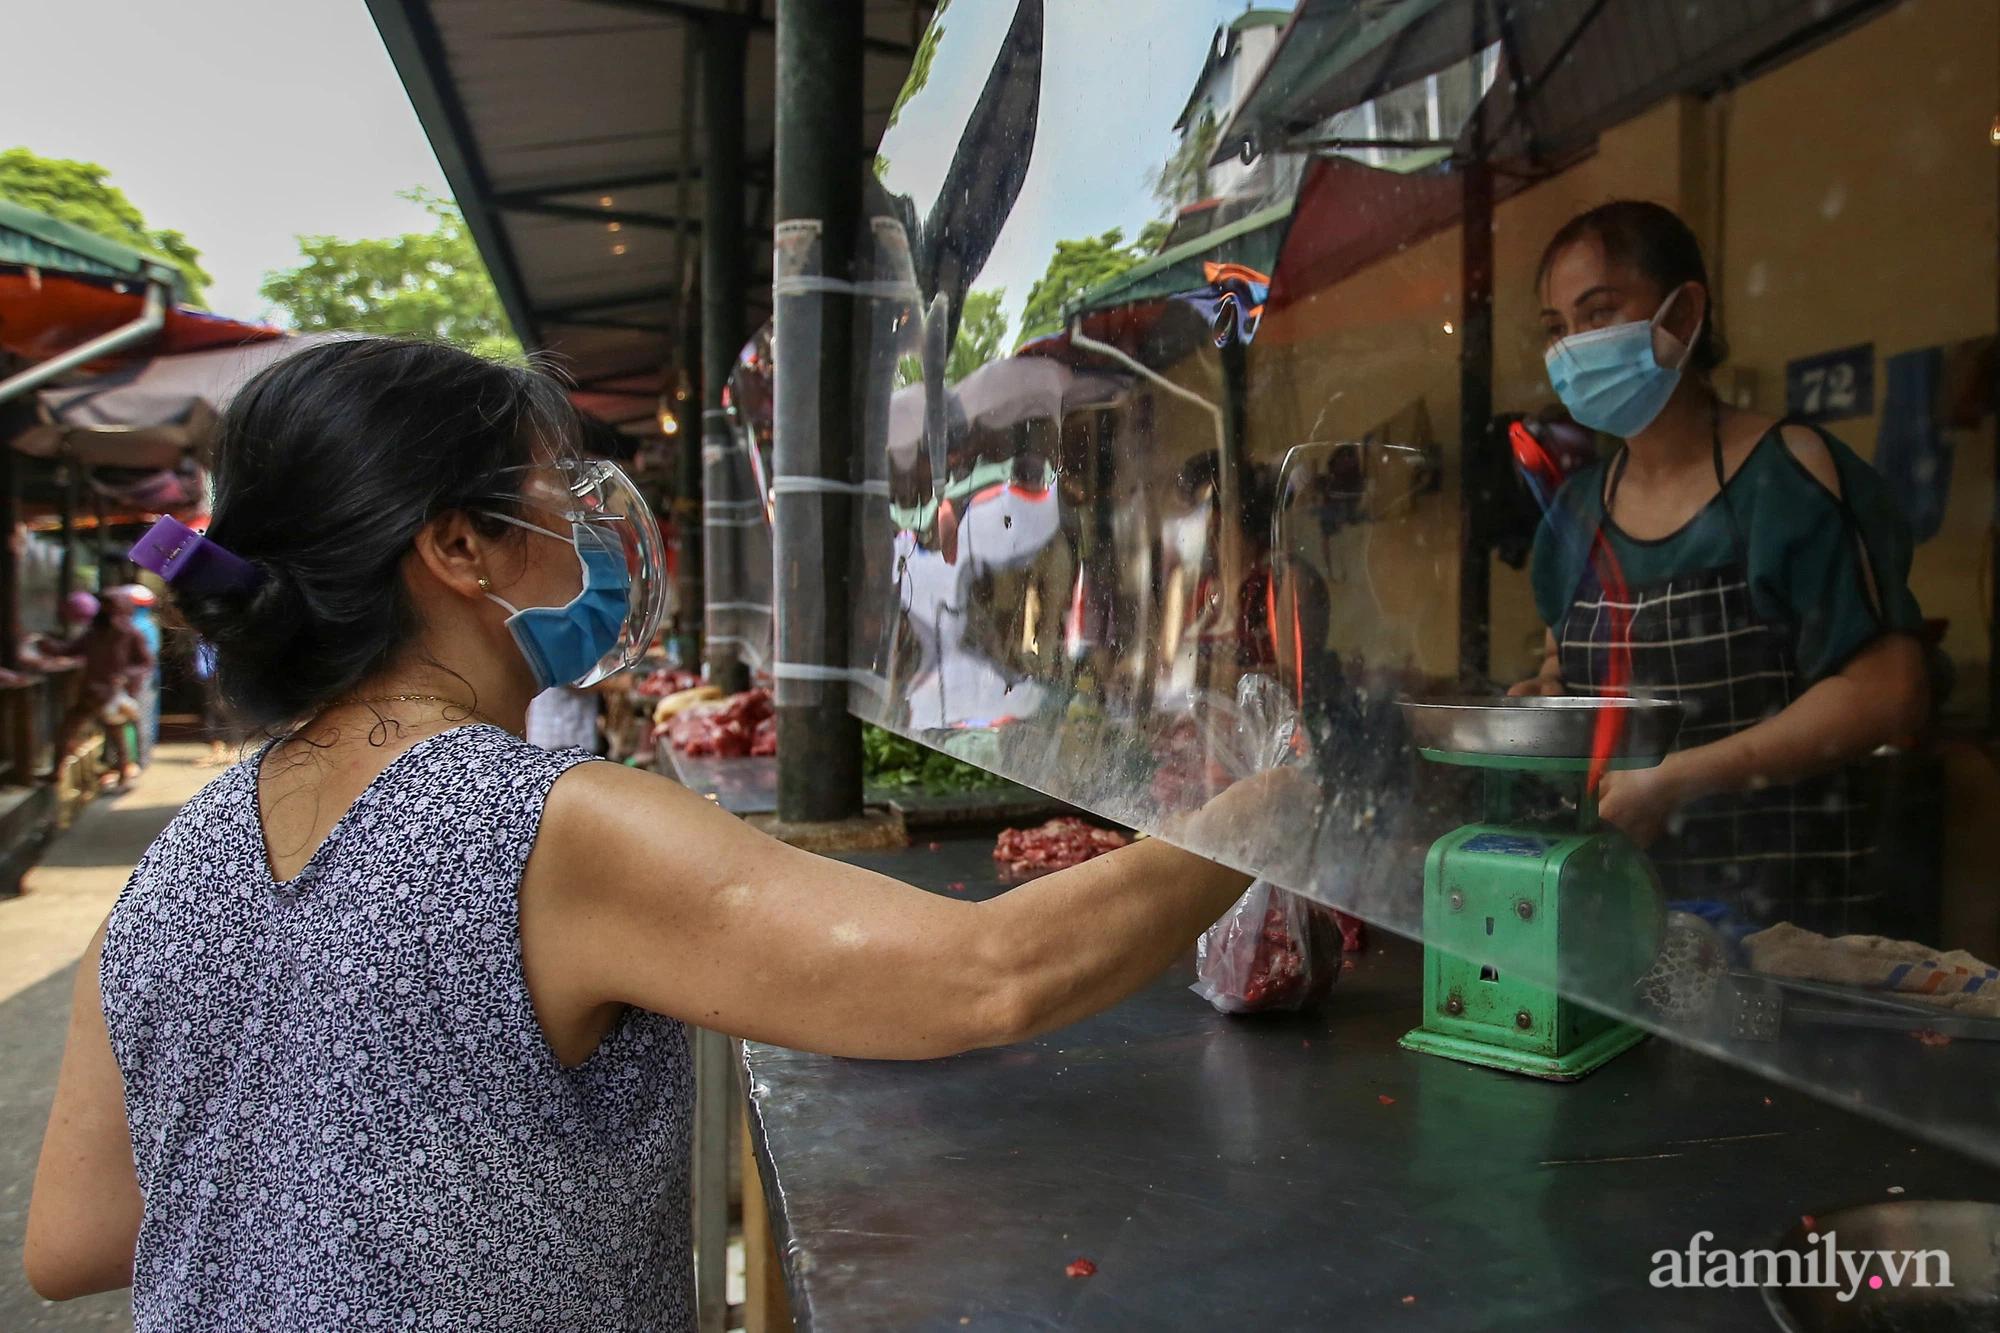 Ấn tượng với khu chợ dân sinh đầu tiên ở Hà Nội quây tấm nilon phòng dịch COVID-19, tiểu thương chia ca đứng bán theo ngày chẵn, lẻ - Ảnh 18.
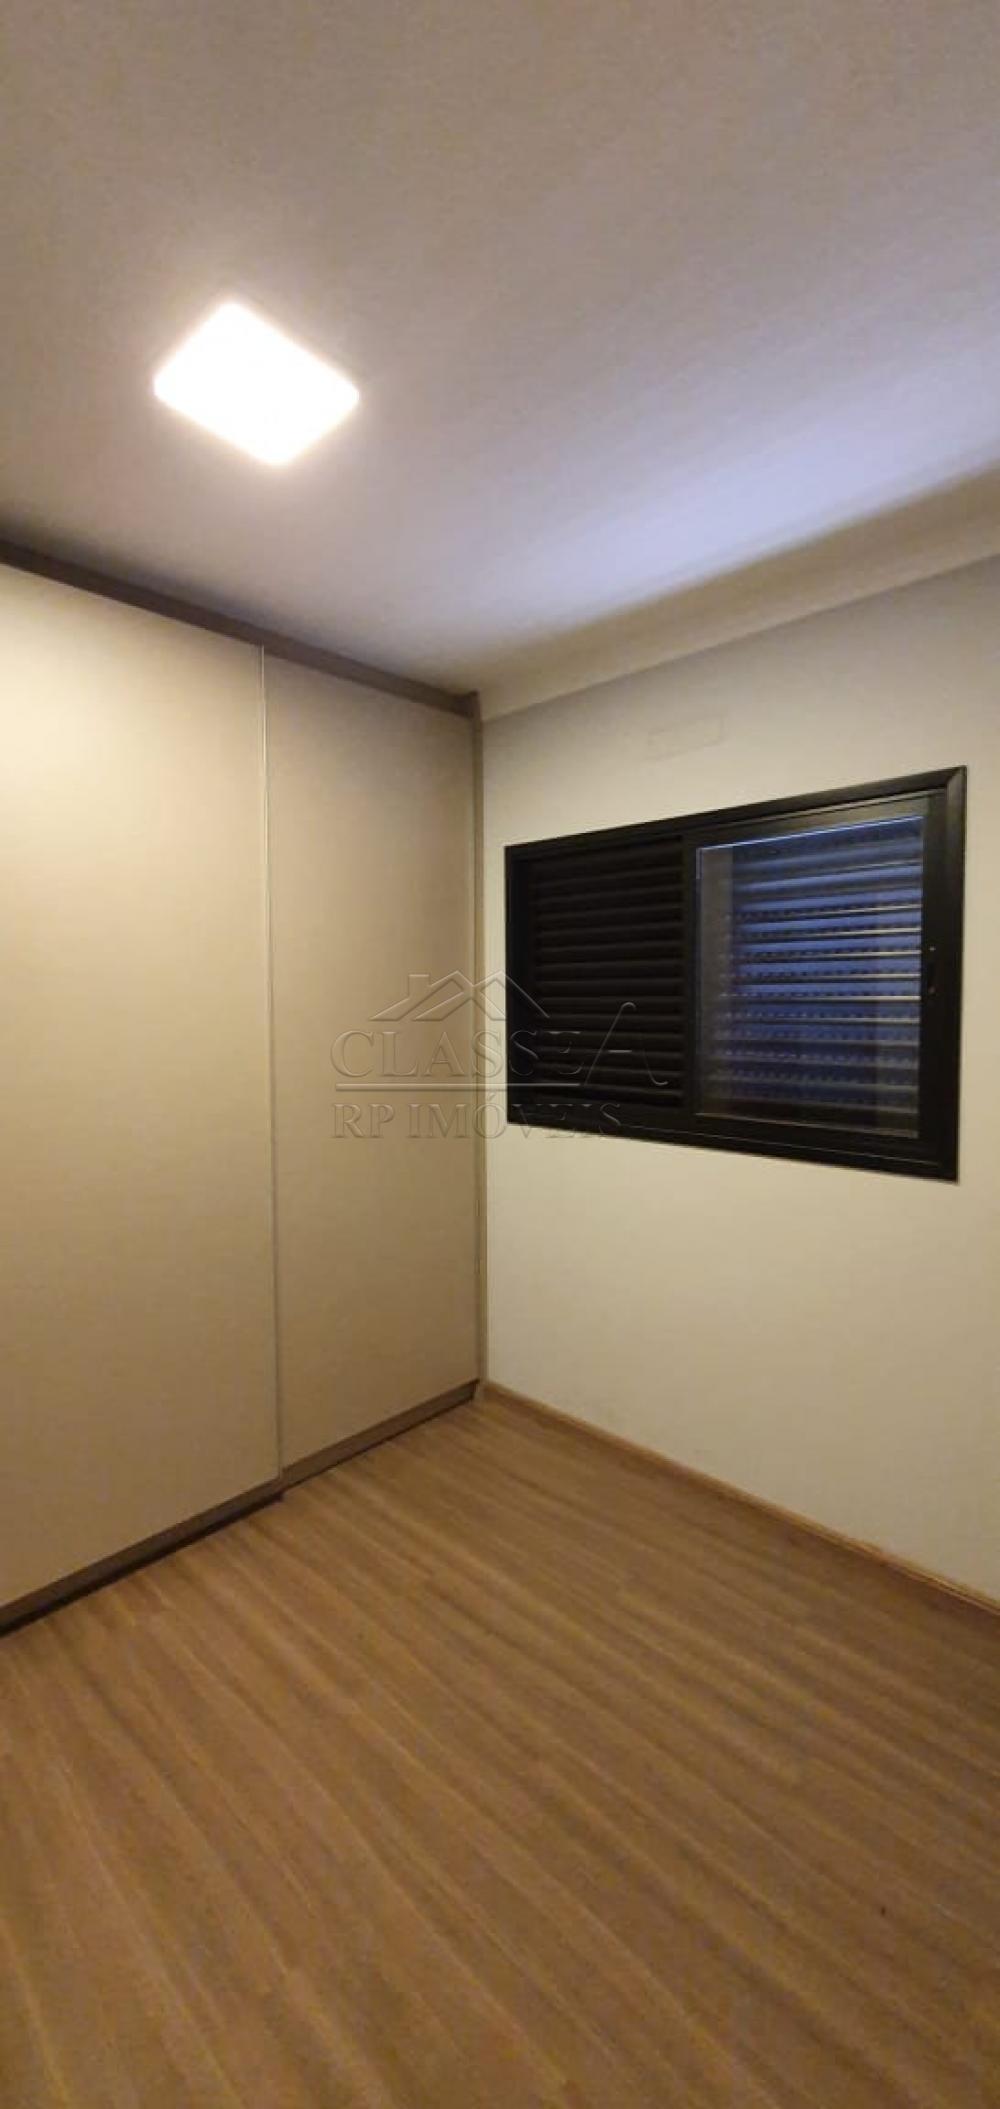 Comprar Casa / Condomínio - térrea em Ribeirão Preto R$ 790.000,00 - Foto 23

....

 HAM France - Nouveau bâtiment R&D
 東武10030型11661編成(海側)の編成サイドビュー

....

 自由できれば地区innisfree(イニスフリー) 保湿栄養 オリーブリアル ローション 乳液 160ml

....

* DIRECTIONS *
Retype the entries above exactly, but only from the line containing "HAM France - Nouveau bâtiment R&D" through the line containing "東武10030型11661編成(海側)の編成サイドビュー", both included.

* ANSWER BOX *
 HAM France - Nouveau bâtiment R&D
 東武10030型11661編成(海側)の編成サイドビュー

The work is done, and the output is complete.